The default ExportExtension can be used to produce raw export functionality. The Entry has a export function, that will translate the requested format to a activated extension of this name or fall back to this extension and call a function of same name. Raw export means, that the given Entry will be translated into a Python dictionary and then implemented into the given file-format as natively as possible. This does not follow any specified standards or rules. Standard metadata formats are implemented in separate extensions.

Currently, the following exports are supported:

  • JSON

  • XML (called fast_XML)

  • pickle

  • netCDF

Note

The XML export is currently done with another package (dicttoxml). This works great, but it is not possible to adjust the exported XML to i.e. ISO19115 standard requirements. This will be implemented with an export via lxml. Thus, for the base version of that export, the function xml is reserved.

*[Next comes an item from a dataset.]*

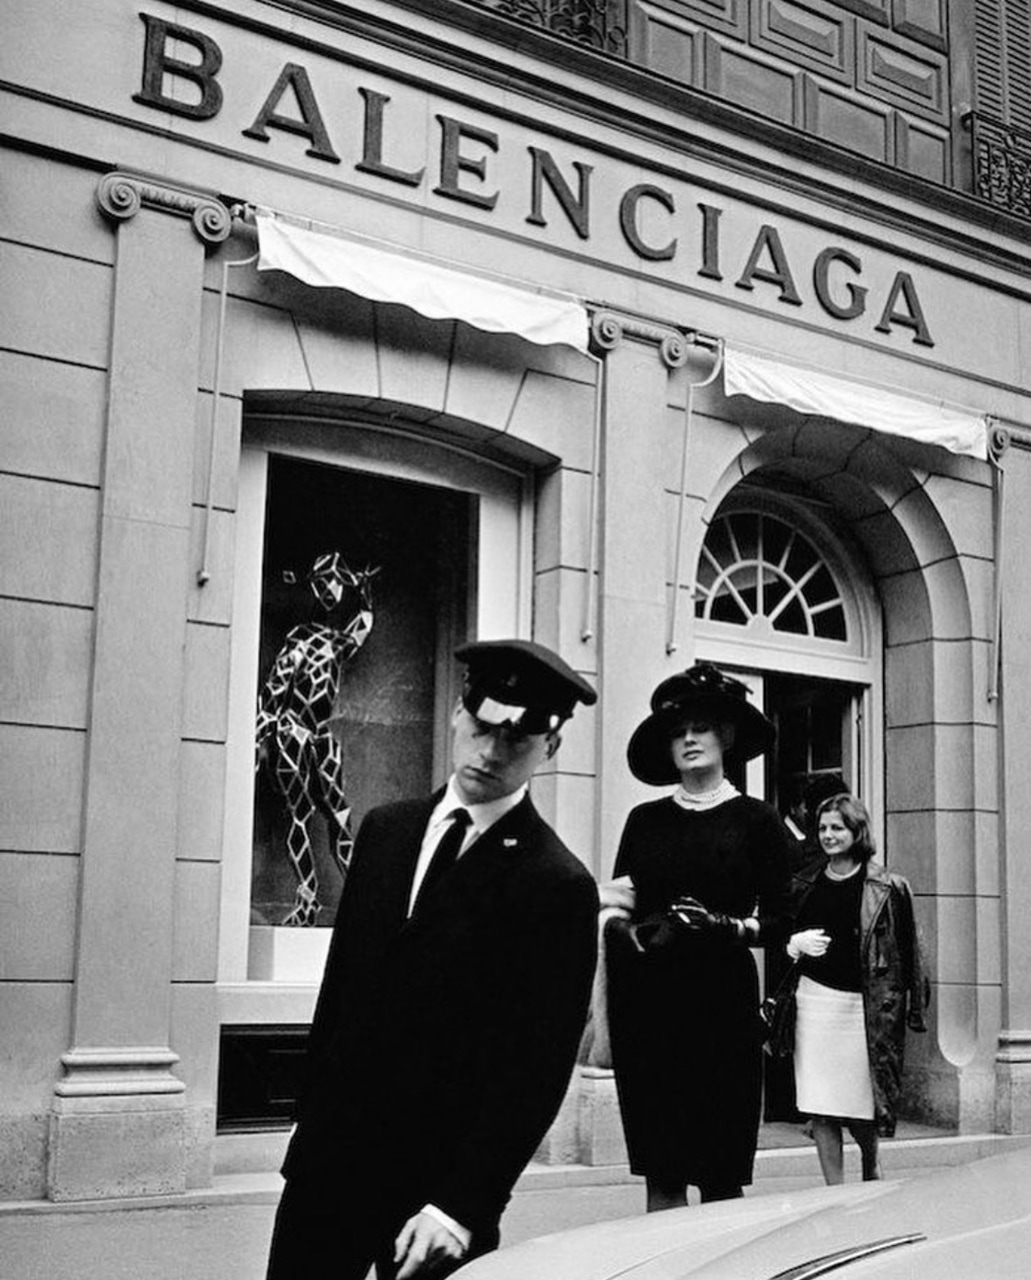  Demna Gvasalia - người mang tính đột phá hiện đại cho hầu hết các sản phẩm của Balenciaga.

If no path is specified, the native Python object that will be used to create the file is returned. This can be very useful to pack more than one Entry together. With path=None, the export function will return the following objects:

  • JSON -> str: the JSON object as string

  • fast_XML -> str: the XML representation as (decoded UTF-8) string

  • pickle -> dict: the dict underlying all export functions

  • netCDF -> xarray: the xarray used to build the netCDF file

Note that the export of 'pickle' and 'netCDF' can be particularly useful without setting the path.

classmethod fast_xml(entry: Entry, path=None, no_data=False, **kwargs)#

Export an Entry to XML. If a path is given, a new file will be created. This is the fast XML version, which will convert the metadata to custom XML tags.

Parameters:
  • entry (metacatalog.models.Entry) – The entry instance to be exported

  • path (str) – If given, a file location for export.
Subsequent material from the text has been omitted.